La championne de France de handbike, passionnée de VTT depuis son enfance, n'hésite pas à rouler hors des sentiers battus : "À 10 ans, on m'a diagnostiqué ma maladie et à la suite de ça j'ai eu plusieurs opérations, avec plusieurs années de rééducation". La jeune femme remonte finalement sur un VTT et, après un passage par une section cyclisme, s'oriente vers le CREPS (Centre de Ressources, d'expertise et de performance sportives) du Centre-Val de Loire et un diplôme d'éducatrice sportive. "Puis, j'ai fait une chute en VTT et je ne pouvais plus du tout me servir de mes jambes. Ça a tout stoppé. J'étais limitée en flexion et en appui sur la jambe, donc il fallait que je me reconvertisse. J'ai essayé le handbike en 2018 et ça m'a tout de suite plu." 

Depuis, Anne Claveau s'est imposée comme la leader de sa discipline. Double championne de France il y a trois semaines, sa saison avait pourtant bien mal commencé : "Pendant six mois, je n'ai pas pu pratiquer mon sport.

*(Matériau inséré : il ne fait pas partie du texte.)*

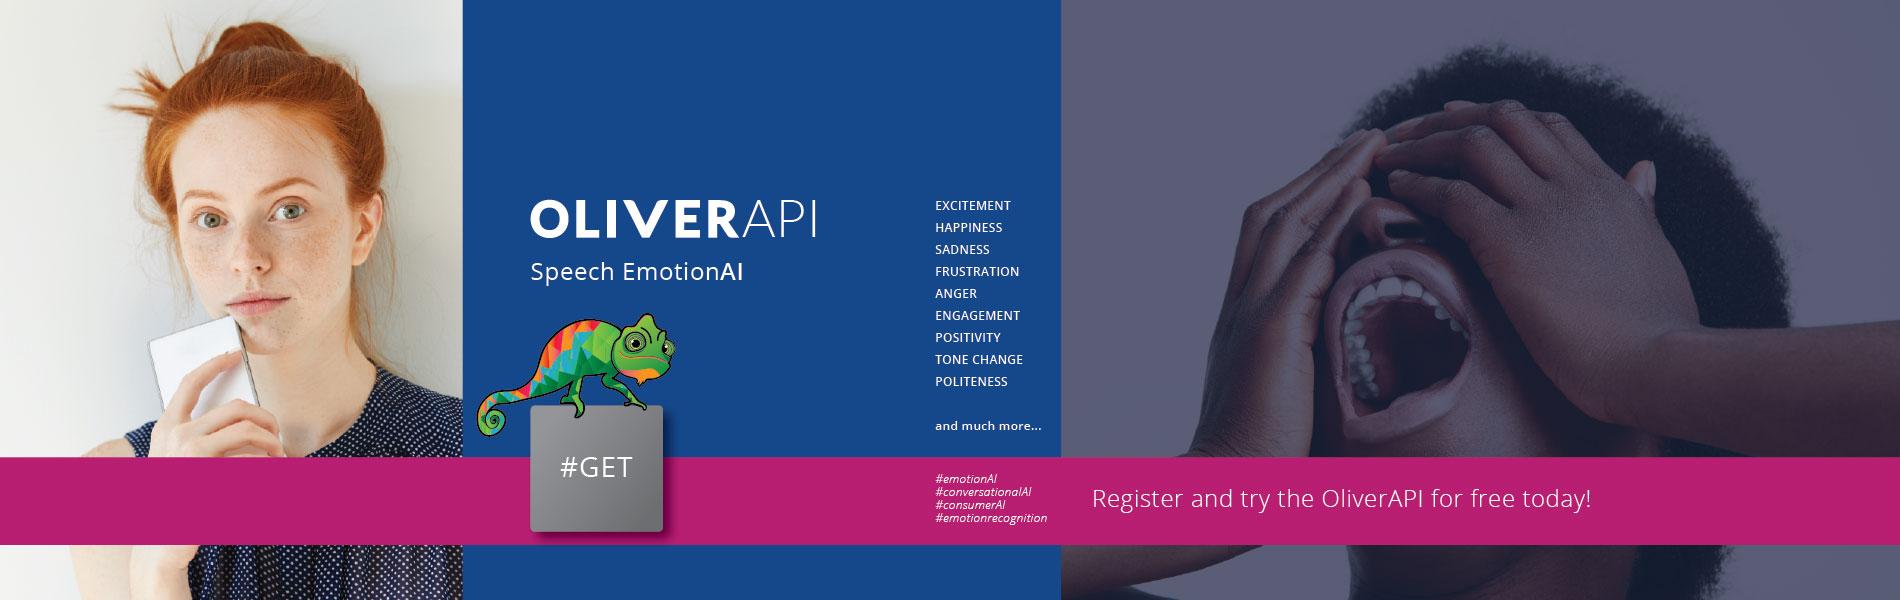 OliverAPI for speech emotionAI by Behavioral Signals

J'étais en centre de rééducation, blessée à l'épaule, au bas du dos et au bassin. À un moment, je me me suis même dit que je n'allais jamais pouvoir reprendre. Donc ça a été une belle surprise de pourvoir décrocher ces titres avec seulement quatre mois d'entraînement. Ça me donne encore plus d'espoir pour la suite, avec une vraie préparation." 

La jeune femme entend aller au bout de son objectif paralympique : "Je vais devoir apprendre à vivre comme sportive avec cette maladie qui évolue. Le sport me permet de me dépasser, de montrer qu'avec un handicap on peut quand même réussir." Rendez-vous est pris à Paris 2024, à condition d'acquérir un vélo d'ici là.